Top of Source material

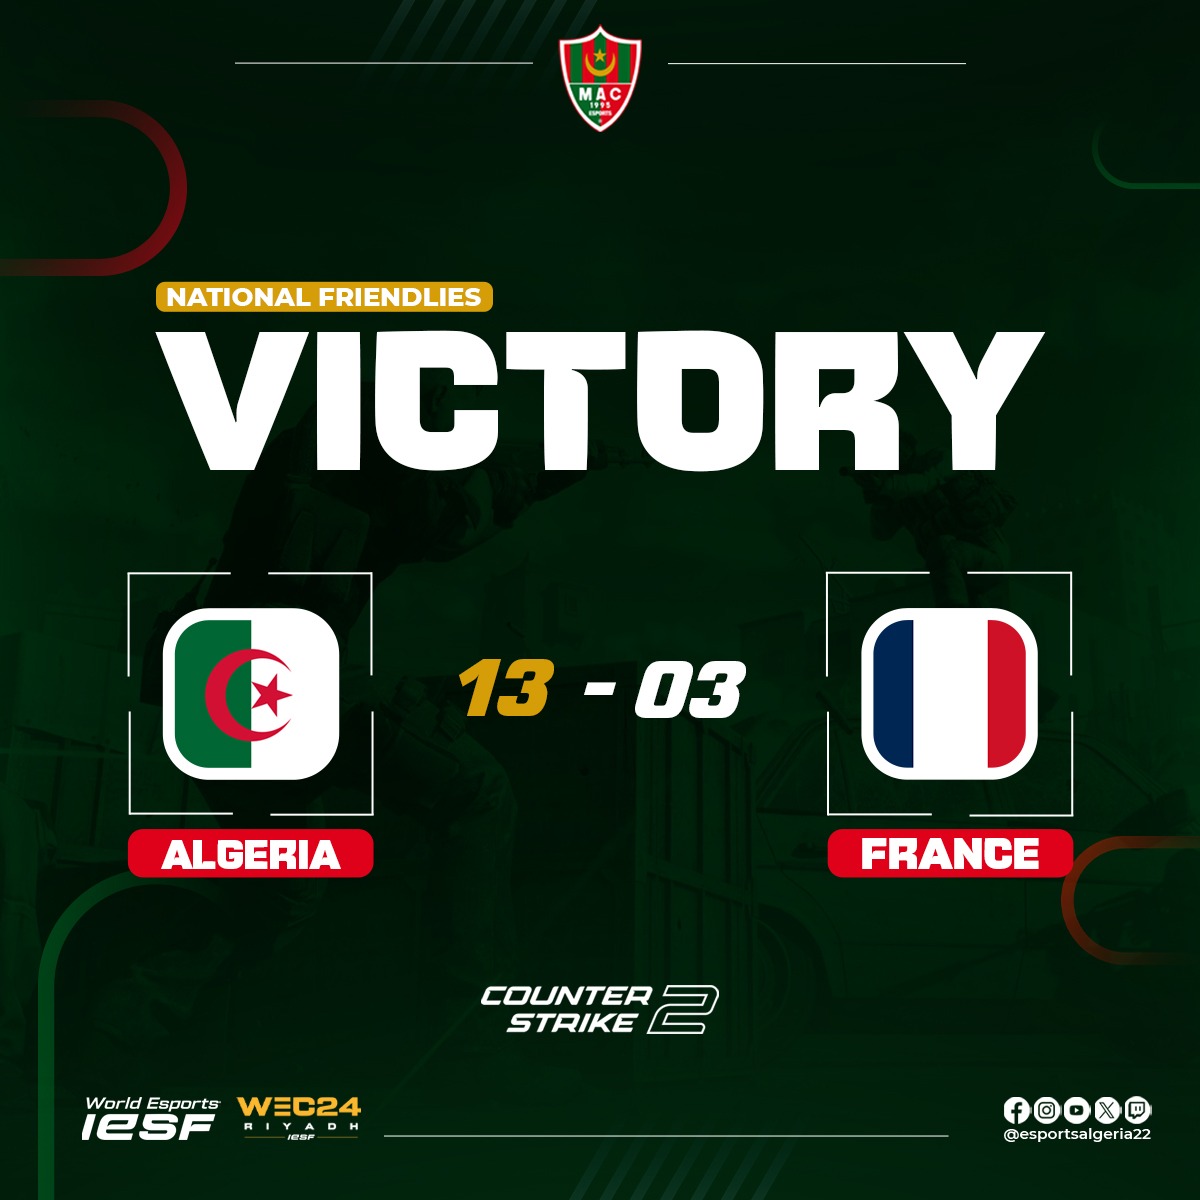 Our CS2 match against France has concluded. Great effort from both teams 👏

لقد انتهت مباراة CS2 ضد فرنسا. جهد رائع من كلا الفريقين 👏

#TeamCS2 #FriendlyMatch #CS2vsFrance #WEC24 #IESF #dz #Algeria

Bottom of Source material

Leaving out only the pictures, reproduce the listing exactly.

 Our CS2 match against France has concluded. Great effort from both teams 👏

لقد انتهت مباراة CS2 ضد فرنسا. جهد رائع من كلا الفريقين 👏

#TeamCS2 #FriendlyMatch #CS2vsFrance #WEC24 #IESF #dz #Algeria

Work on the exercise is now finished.